A human being, throughout life, depends on thought and the things that thought has put together as being most essential....

...someone comes along and says: ‘Now look, all that is the movement of the past.’

Having reasoned with him, logically, the other says: ‘Why not, what is wrong with holding on to thought even though it is of the past?’

He acknowledges it, and says: “I’ll hold to it, what is wrong?’

Yet when the human mind lives in the past and when it holds to the past, then it is incapable of living, or perceiving truth. -(The Transformation of Man: page 161)

"If you observe, you will see that there is an interval between two thoughts, between two emotions. In that interval, which is not the product of memory, there is an extraordinary freedom from the `me' and the `mine' and that interval is timeless." -(The First and Last Freedom: Questions & Answers, Q17: 'On Memory')
The mind must go through that small hole which it has put together, the self, to come upon this vast nothingness whose stability thought cannot measure." -(Krishnamurti’s Journal: Malibu, 23 April 1975, Copyright KFT)
“Has it ever happened to you - I am sure it has - that you suddenly perceive something, and in that moment of perception you have no problems at all? The very moment you have perceived the problem, the problem has completely ceased. Do you understand, sirs? You have a problem, and you think about it, argue with it, worry over it; you exercise every means within the limits of your thought to understand it. Finally you say, "I can do no more." There is nobody to help you to understand, no guru, no book. You are left with the problem, and there is no way out.
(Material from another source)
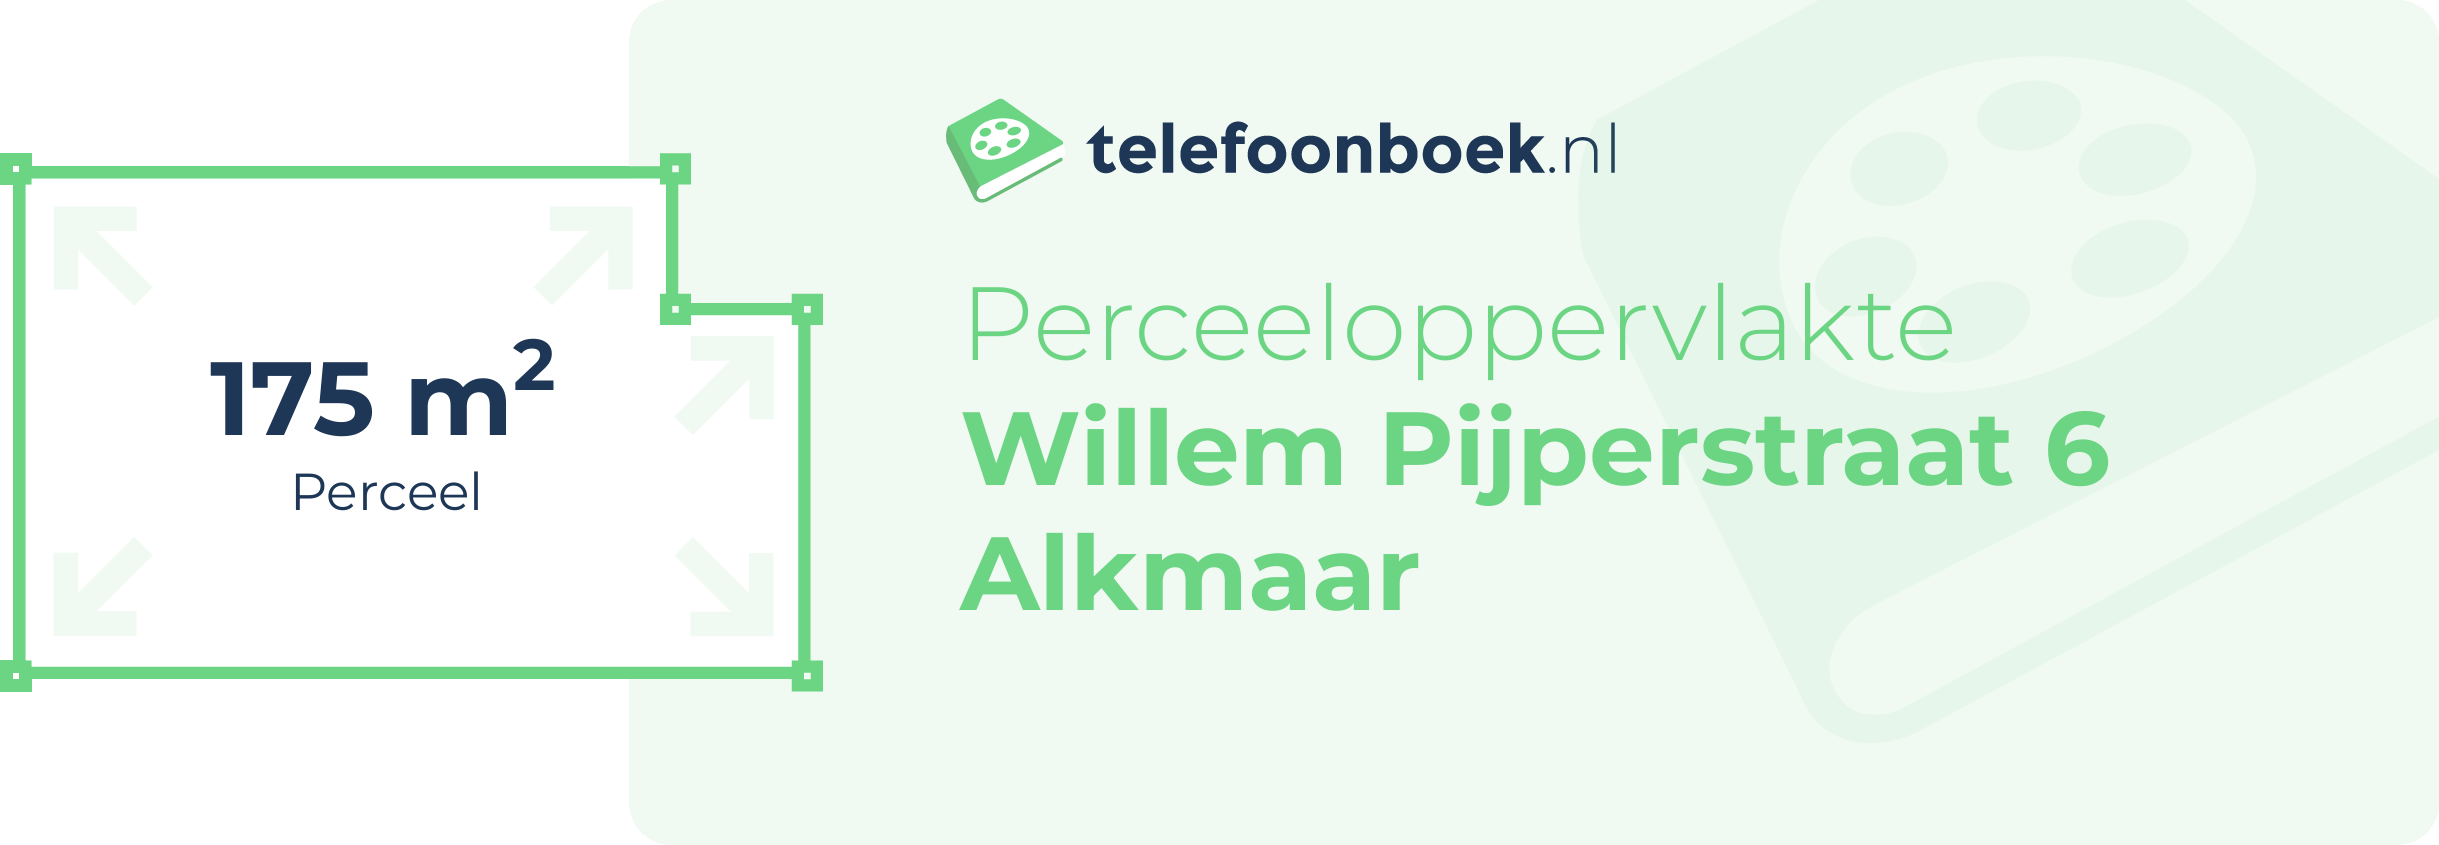 Perceeloppervlakte Willem Pijperstraat 6 Alkmaar

Having inquired into the problem to the full extent of your capacity, you leave it alone. Your mind is no longer worried, no longer tearing at the problem, no longer saying, "I must find an answer"; so it becomes quiet, does it not? And in that quietness you find the answer. Hasn't that sometimes happened to you? It is not an enormous thing. It happens to great mathematicians, scientists, and people experience it occasionally in everyday life. Which means what? The mind has exercised fully its capacity to think, and has come to the edge of all thought without having found an answer; therefore it becomes quiet - not through weariness, not through fatigue, not by saying, "I will be quiet and thereby find the answer." Having already done everything possible to find the answer, the mind becomes spontaneously quiet. There is an awareness without choice, without any demand, an awareness in which there is no anxiety; and in that state of mind there is perception. It is this perception alone that will resolve all our problems.” -(Book of Life Daily Meditations: 'At the edge of all thought' - October 9, 2007)
What is the relation between the thinker and his thought?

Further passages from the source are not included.